What are the Implementations of Data Warehouse?

Data warehouses contain huge volumes of data. OLAP servers demand that decision support queries be acknowledged in the order of seconds. Thus, it is essential for data warehouse systems to provide highly effective cube computation techniques, access techniques, and query processing techniques.

Efficient Computation of Data Cubes

At the core of multidimensional data analysis is the efficient computation of aggregations across many sets of dimensions. In SQL terms, these aggregations are referred to as group-by’s. Each group-by can be represented by a cuboid, where the set of group-by’s forms a lattice of cuboids defining a data cube.

There are three choices for data cube materialization given a base cuboid −

  • No materialization − It does not precompute any of the “nonbase” cuboids. This leads to computing expensive multidimensional aggregates on the fly, which can be extremely slow.

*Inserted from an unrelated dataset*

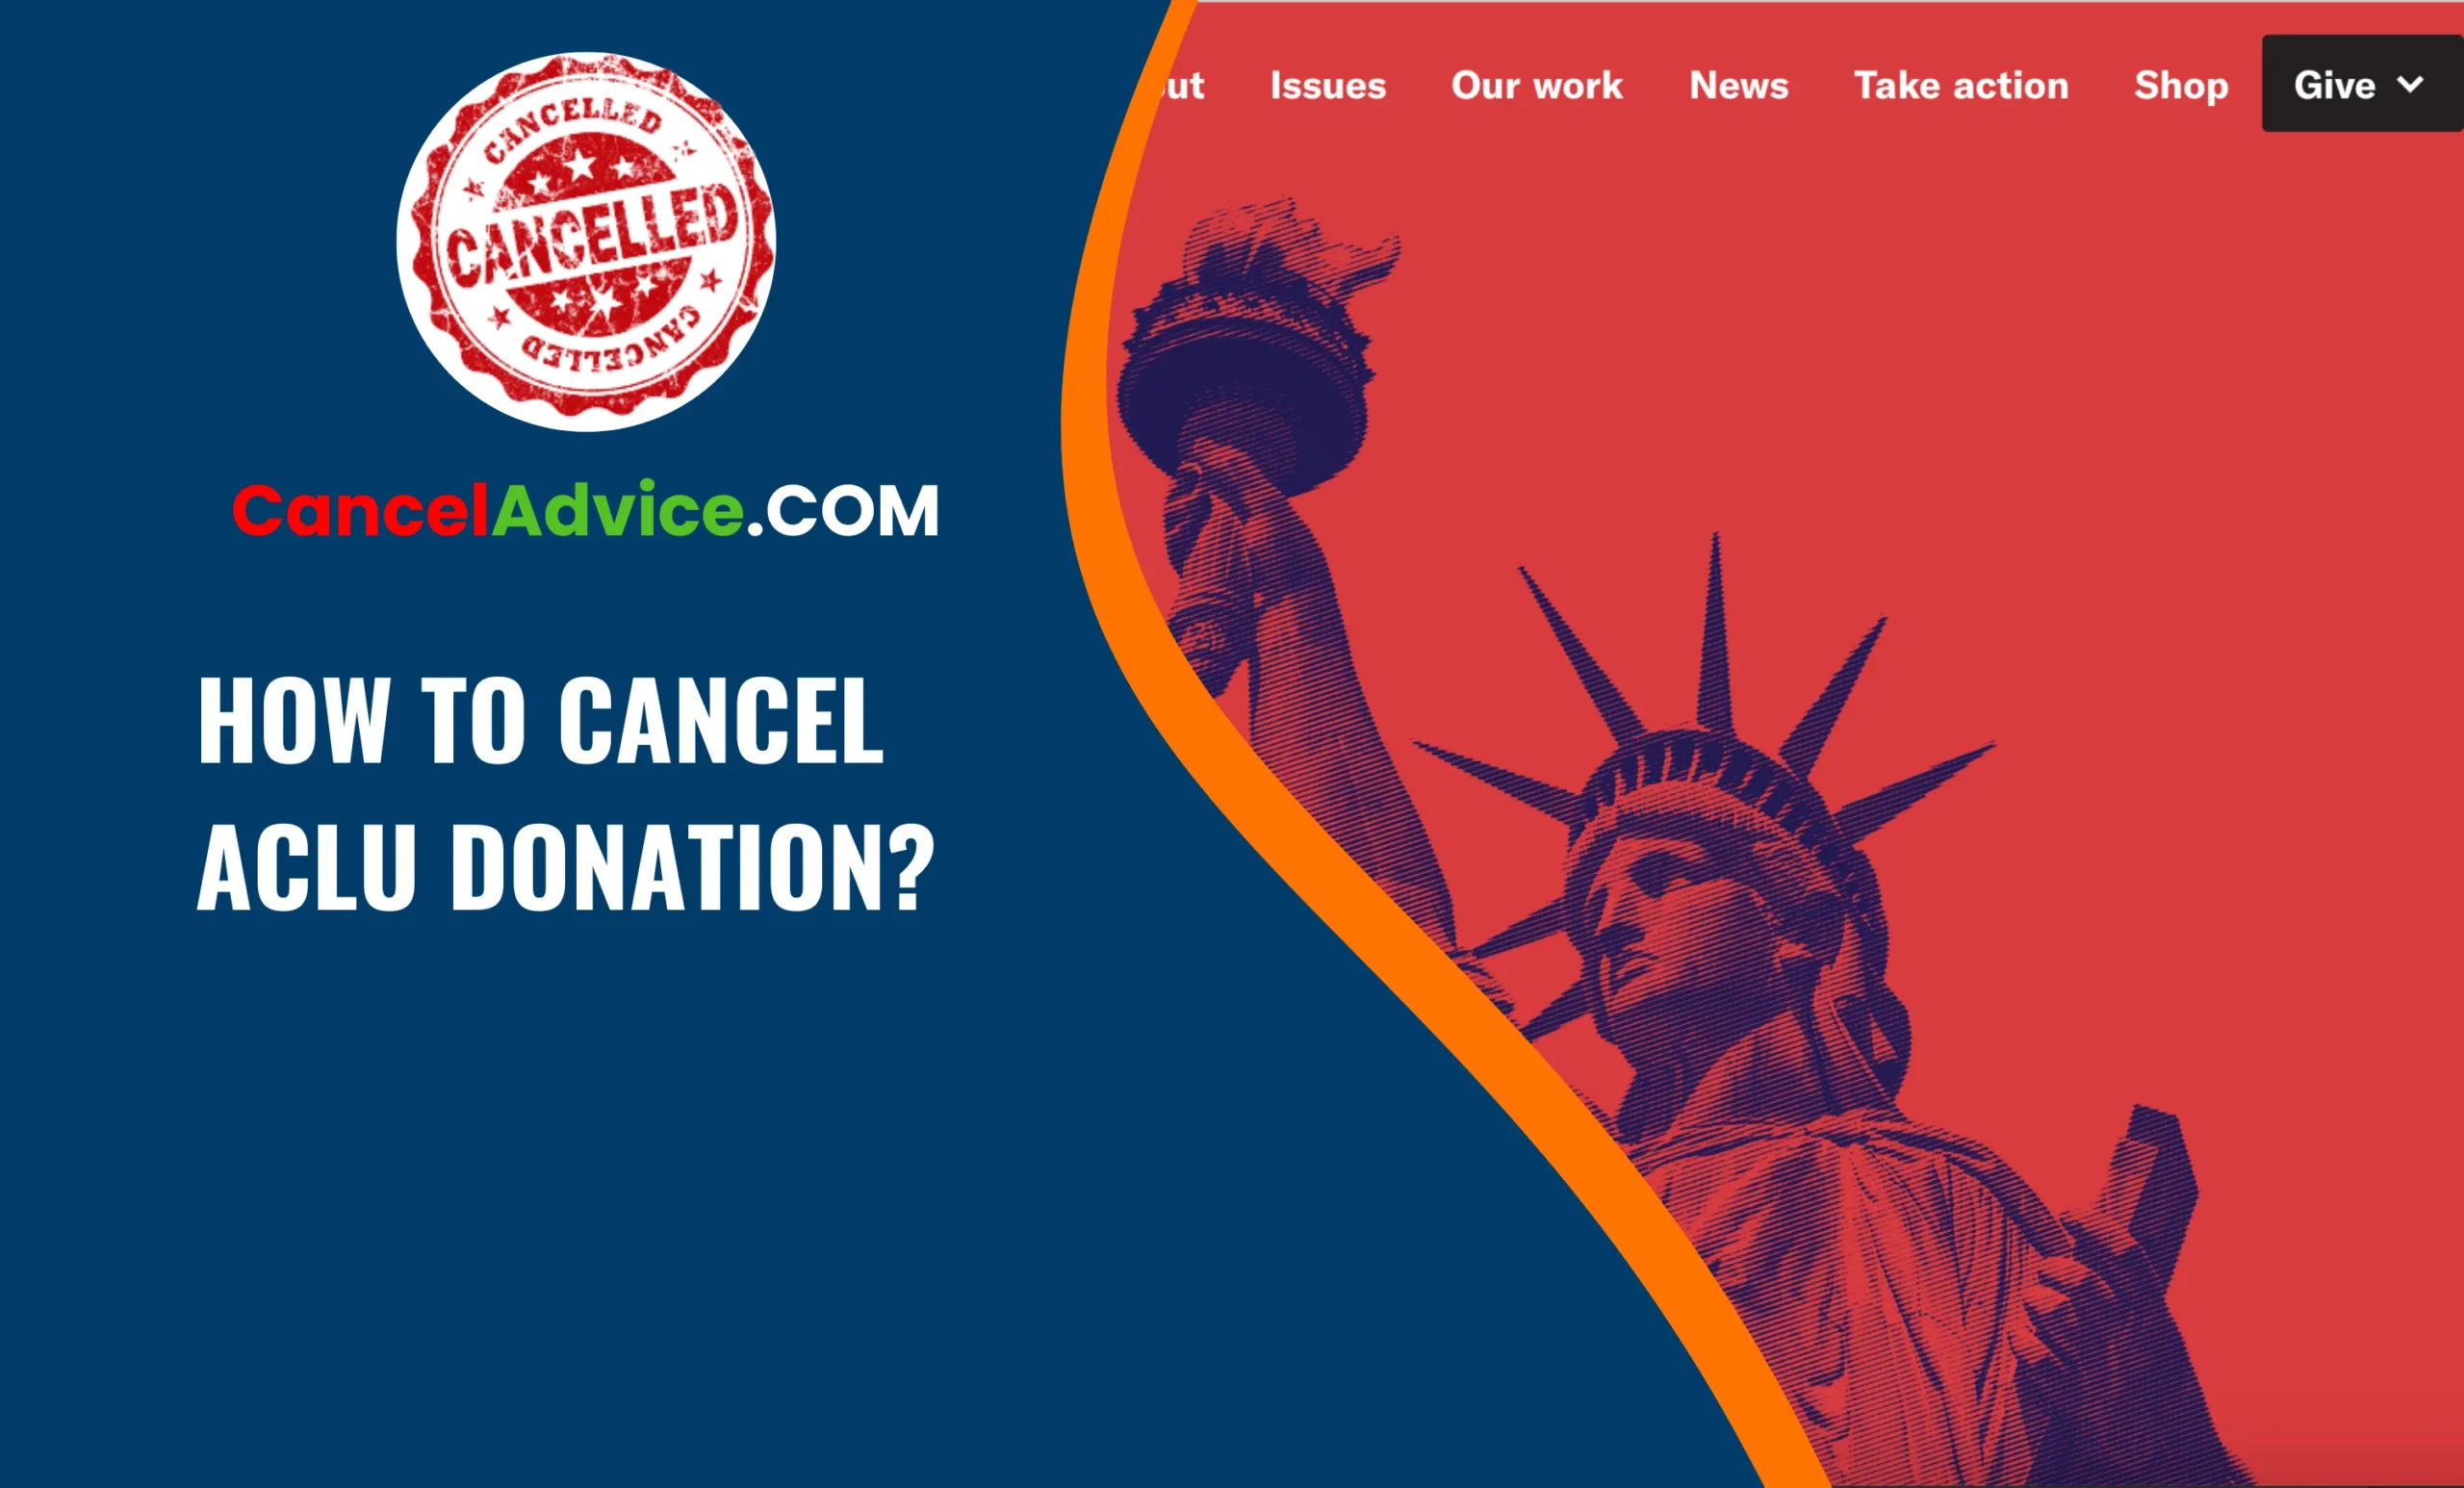 How To Cancel ACLU Donation

  • Full materialization − It can Pre-compute all of the cuboids. The resulting lattice of computed cuboids is defined as the full cube. This choice typically requires huge amounts of memory space to store all of the precomputed cuboids.

  • Partial materialization − It can selectively calculate a proper subset of the whole set of possible cuboids. Alternatively, it can calculate a subset of the cube, which includes only those cells that satisfy some user-specified criterion, including where the tuple count of each cell is following some threshold.

Indexing OLAP Data

It can support efficient data accessing, some data warehouse systems provide index structures and materialized views (using cuboids). The bitmap indexing approaches is famous in OLAP products because it enables fast searching in data cubes. The bitmap index is an alternative representation of the record ID (RID) list.

In the bitmap index for a given attribute, there is a distinct bit vector, Bv, for each value v in the domain of the attribute. If the domain of a given attribute includes n values, then n bits are required for each entry in the bitmap index (i.e., there are n bit vectors). If the attribute has the value v for a given row in the data table, then the bit defining that value is set to 1 in the corresponding row of the bitmap index. All other bits for that row are set to 0.

Efficient Processing of OLAP Queries

The goals of materializing cuboids and constructing OLAP index structures is to speed up query processing in data cubes.

  • Determine which operations should be performed on the available cuboids − This contains transforming some selection, projection, roll-up (group-by), and drill-down operations represented in the query into the corresponding SQL and/or OLAP operations. For instance, slicing and dicing a data cube can correspond to selection and projection operations on a materialized cuboid.

  • Determine to which materialized cuboid(s) the relevant operations should be applied − This contains identifying some materialized cuboids that can potentially be used to answer the query, pruning the following set using knowledge of “dominance” relationships between the cuboids, estimating the values of using the remaining materialized cuboids and choosing the cuboid with the minimum cost.